As with all such antennas, a choke at the base is recommended.
Note that the eccentricity (the front/side ratio) in the azimuth plane
is less than one dB for each antenna, increasing slightly with
increasing height above ground.
This type of antenna can work with any band, provided that a support of sufficient height
is available. The original design by K8CH was for 30m, and was hung from a tree.
Each wire in the vertical is λ/4 long, adjusted for insulation, if needed.
The angle between each wire is roughly 120°, although this can be adjusted to improve
the feedline match, as needed.
When Chris installed the antenna at his residence, he split the difference between the two
models above, installing the antenna peak at just over 27', as shown in Figure 3,
resulting in a feedpoint match very close to the model prediction:
Figure 3: KF5VRD 20m Vertical As Installed - Peak at 27'4"
Figure 4: AA-30 SWR Sweep of the Antenna
Field Day 2017 20m Contacts
Trial Run
He used PSK31 as his first test of the antenna, running QRP from his KX3. One of the
first 20m contacts he made was R6AV on the
northeast coast of the Black Sea. Given the conditions at the time (SFI = 73; SSN = 11),
the antenna immediately demonstrated its DX prowess and efficiency.
The real test of the antenna was ARRL Field Day 2017.
During that event, the antenna netted 101 20m CW contacts, using 5W or less. Among those
contacts were KH6J and
KH6RS in Hawaii. A map of the 20m FD 2017
contacts from KF5VRD is shown at right.
Even running less than 5W, this antenna is an effective communicator.

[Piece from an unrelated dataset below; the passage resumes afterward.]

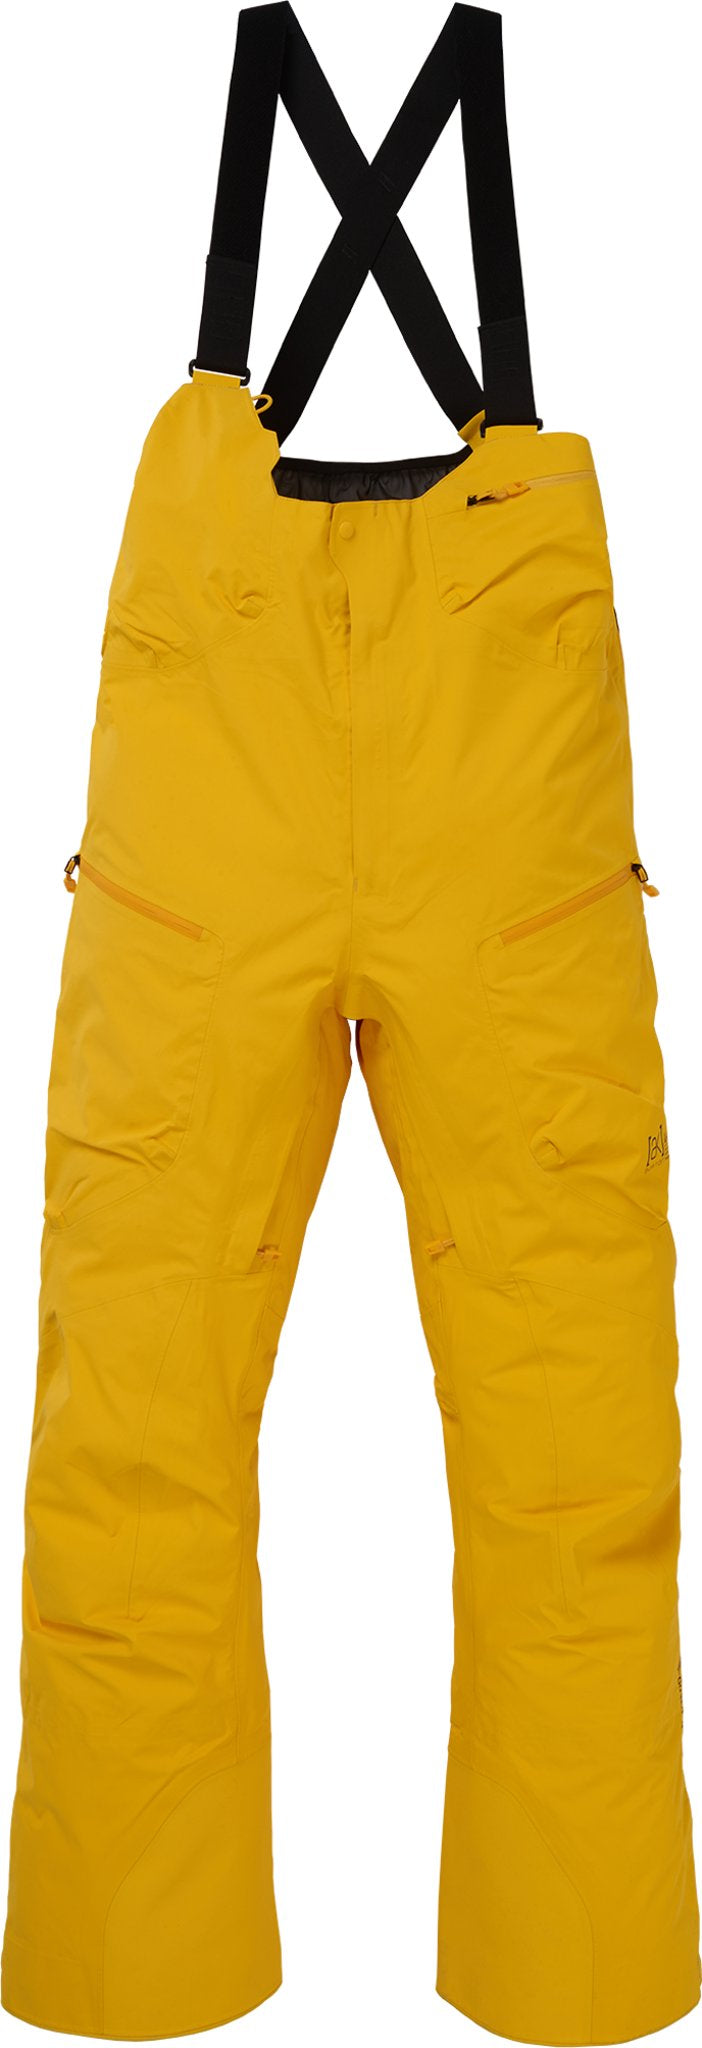 満点の burton ak457 hi-top pants GORE-TEX pro | www.takalamtech.com

Installation Considerations
The antenna is a good match for 50-ohm feedline, as the sloped radials raise the impedance
from the 36-ohm theoretical value. The slope can be adjusted as needed to obtain the
best match to the cable. As a full-size antenna, the design has a very flat SWR over
a wide bandwidth, as shown in Figure 4.
The feedpoint can be assembled in any number of ways. Chris likes outdoor enclosures
for his ham gear, so he built a
junction box
to connect the wires to the coax. The box had three 1/4" stainless fasteners
for the wires, and a waterproof
N connector for the coaxial
cable. You can also see the orange silicone washers he used to weatherproof
the holes where the studs pass through the walls of the box. Figure 5
shows the antenna pulled into a tree next to a treehouse, and a closeup of the
junction box.
Figure 5: Installed Antenna
The coil of coaxial cable underneath the box is a common-mode choke, which is a good addition
to just about any HF antenna. Even though the antenna is a good match for the 50-ohm
cable, a choke virtually eliminates any common-mode current that might try to flow due to
environmental interactions or cable lengths that happen to be a multiple of 1/4 λ in length.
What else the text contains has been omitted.